A research team at Tel Aviv University said they have discovered a key mechanism that causes the neurodegenerative disease ALS, which may lead to treatment for the fatal illness, The Times of Israel reported on Tuesday.
The TAU group, along with researchers from Sheba Medical Center and institutes in Germany, France, the U.K. and U.S., found that a buildup of a protein called TDP-43 near neuromuscular junctions lies behind the degenerate process known as amyotrophic lateral sclerosis, or Lou Gehrig’s Disease, which paralysis and loss of the ability to walk, talk or even breathe.

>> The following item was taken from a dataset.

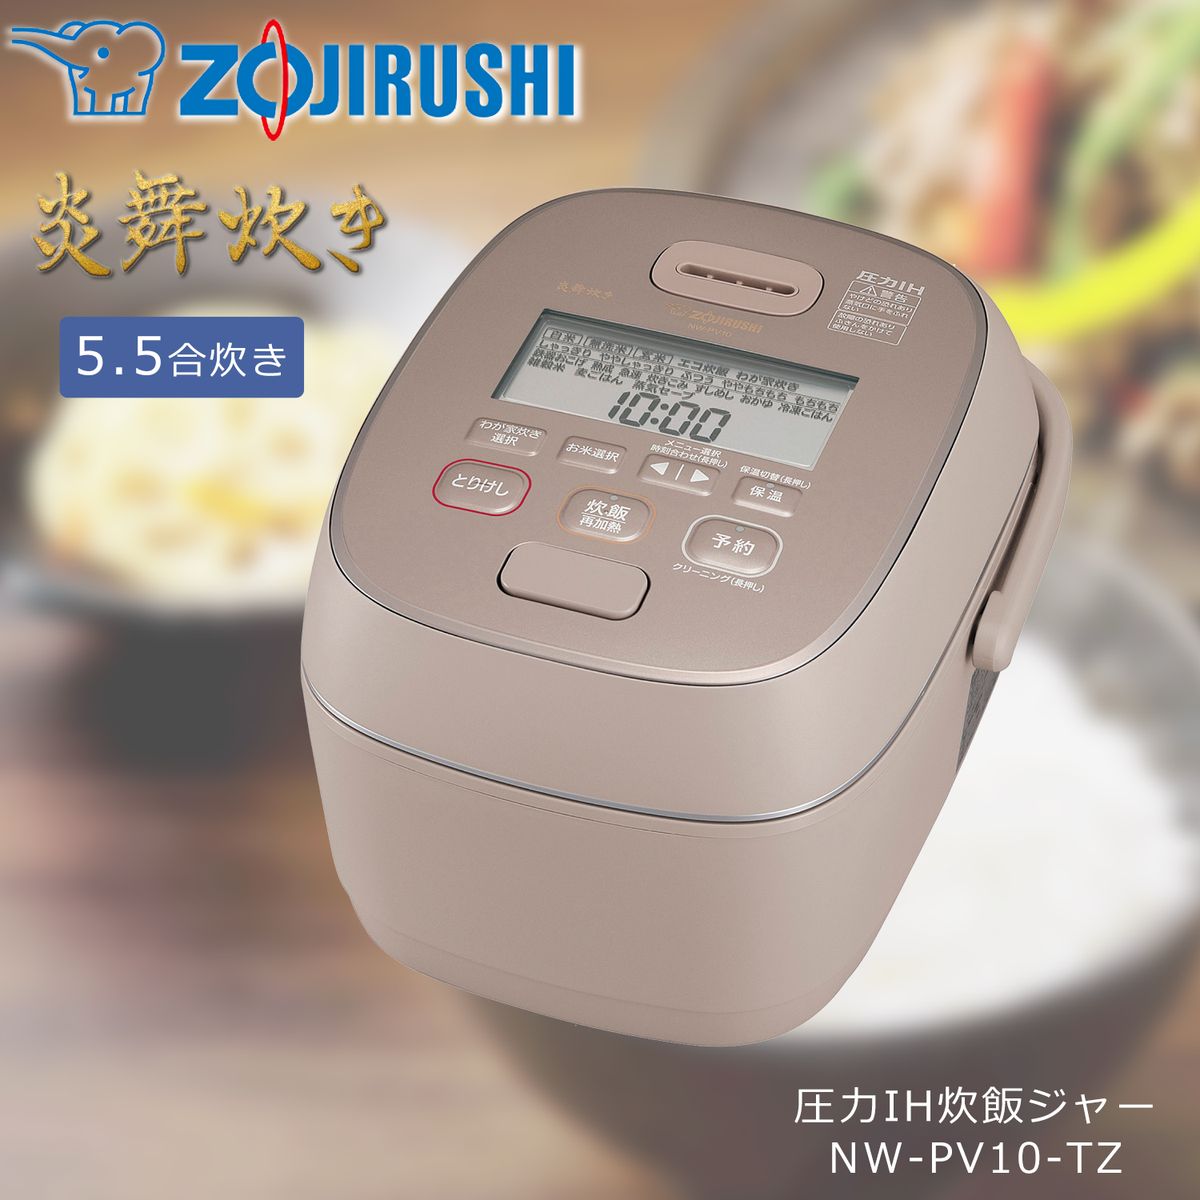 ひかりＴＶショッピング | ZOJIRUSHI 圧力IH炊飯ジャー 5.5合炊き 炎舞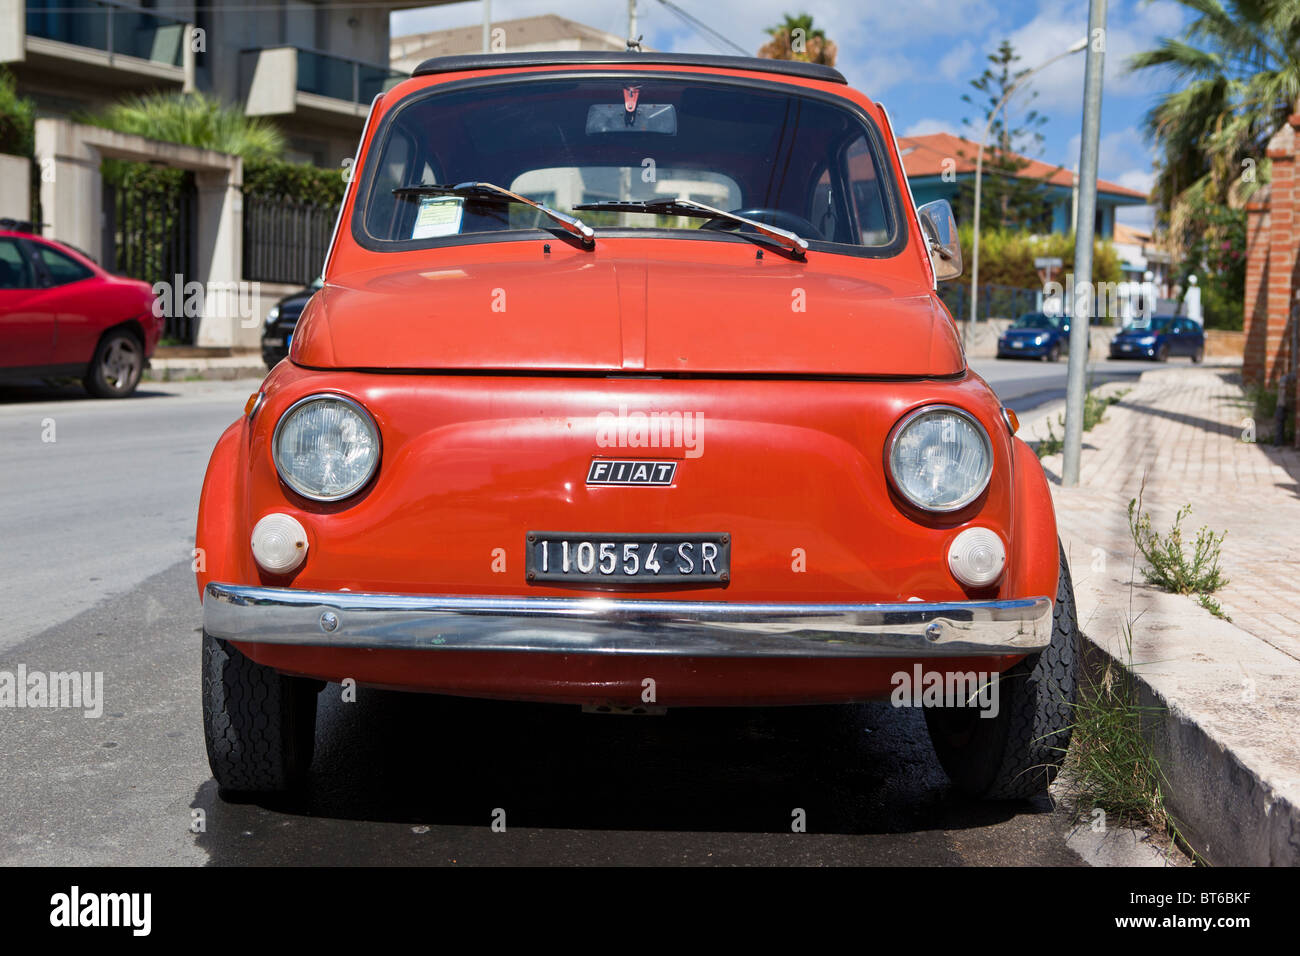 Red Fiat 500 Cinquecento Topolino in Sicily, Italy Stock Photo

“The paralysis caused by the disease results from damage to the motor neurons, which leads to the degeneration nerve endings and to the loss of muscle innervation,” Prof. Eran Perlson, who led the study with doctoral students Topaz Altman and Ariel Ionescu, said on Tuesday.
“This consequently leads to the degeneration of the nerve and the death of motor neurons in the spinal cord, however until now we could not understand the basic biological mechanism causing the initial damage behind this vicious cascade.”
By using a molecule to break down TDP-43 in animals, the scientists were able to restore motor neuron activity, which suggests that drugs can be developed to cure ALS in humans if diagnosed at an early enough stage, the researchers said.